帮助我找到所有可能的路径,从mXn矩阵的左上角最左边的单元格到达最右下角的单元格。
以下是限制,
尝试了一些逻辑,但无法获得所有路径。感谢
答案 0 :(得分:0)
最简单的想法是递归尝试每个可能的非自交路径,并且每次这样的路径到达右下角时检查它的长度是否等于所有单元格的数量。
这里有一个非常幼稚的[因此很慢且耗费内存的] js中的实现(根据你知道的js判断),只是为了以正式,明确的方式指出算法。你对“好吧,让我们这样做!”感兴趣部分,之前只有一些助手使这个例子实际上是可执行的:
function paths(M,N) {
// is given pos present in list of poss?
var pos_member = function(pos,poss) {
for(var i=0;i<poss.length;i++)
if(pos[0]==poss[i][0] && pos[1]==poss[i][1])
return true;
return false;
};
// all positions present in poss1 and not in poss2:
var positions_diff = function(poss1,poss2) {
var poss_d = [];
for(var i=0;i<poss1.length;i++)
if(pos_member(poss1[i],poss2)==false)
poss_d.unshift(poss1[i]);
return poss_d;
};
// where can you go from [x,y] ?
var all_next_positions = function([x,y]) {
var poss = [];
// assuming no diagonal moves are allowed;
// otherwise add 4 more next possible positions.

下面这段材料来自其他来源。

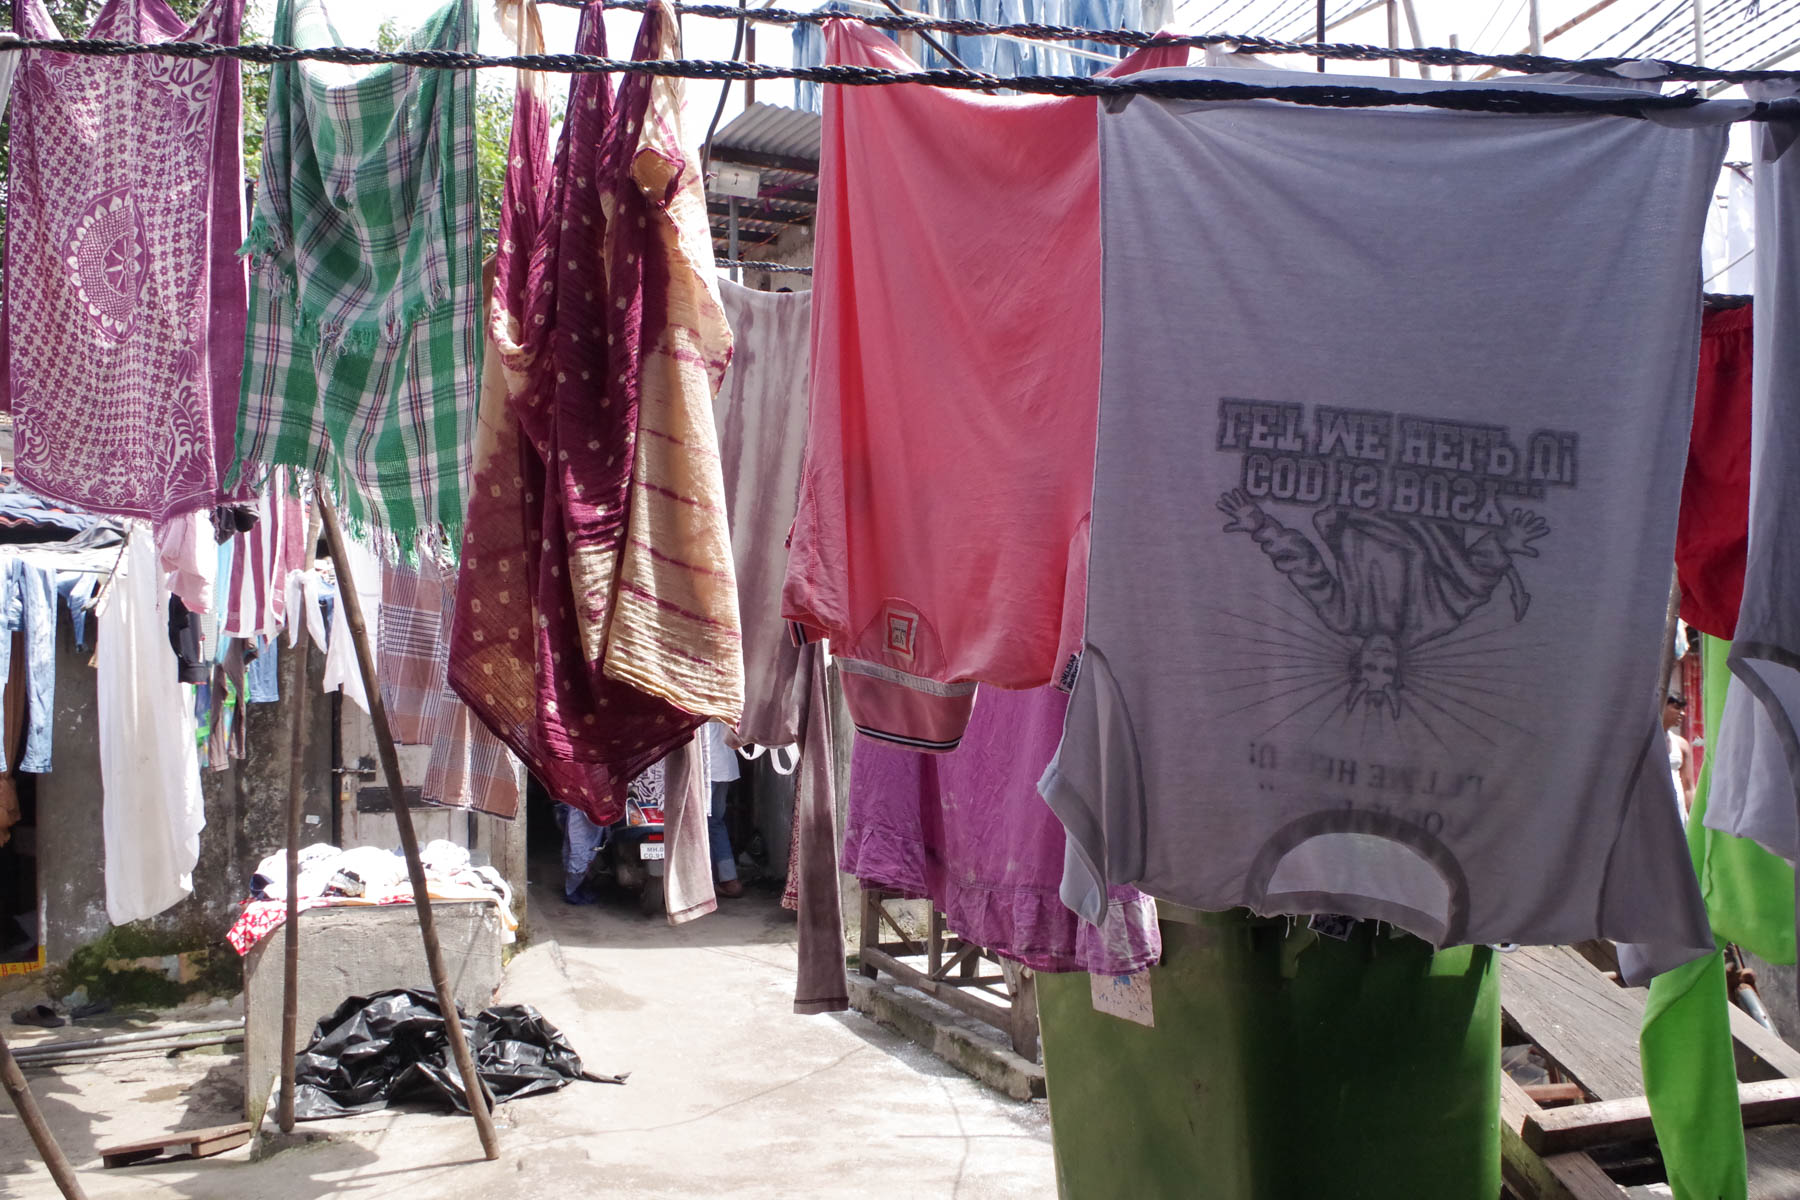 ムンバイ 巨大洗濯工場 ドービーガート どんな人の洗濯物かな?

if(x > 0) poss.unshift([x-1,y]);
if(x < M-1) poss.unshift([x+1,y]);
if(y > 0) poss.unshift([x,y-1]);
if(y < N-1) poss.unshift([x,y+1]);
return poss;
};
//////// OK, let's do this! //////////////////////////////////
var pending = [ [[0,0]] ]; // pending partial paths (looks like an owl statring at you, doesn't it?)
var results = []; // corect paths found so far
while(pending.length>0) {
var current = pending.shift();
var last_pos = current[0];
if(last_pos[0]==M-1 && last_pos[1]==N-1) {
/// it reaached the goal, but did it visit all the cells?
if(current.length == M*N) /// yes it did, so keep it.
results.unshift(current);
} else {
/// keep going...
var next_poss = positions_diff(all_next_positions(last_pos), current);
for(var i=0;i<next_poss.length;i++) {
var candidate = current.slice(0); /// clone, because call by reference is evil.
candidate.unshift(next_poss[i]);
pending.unshift(candidate);
}
}
}
return results;
}
肯定你想要以不同的方式表示位置,对于较大的“矩阵”,你必须尽快摆脱“错误的路径”,但希望这能让你在某个地方开始。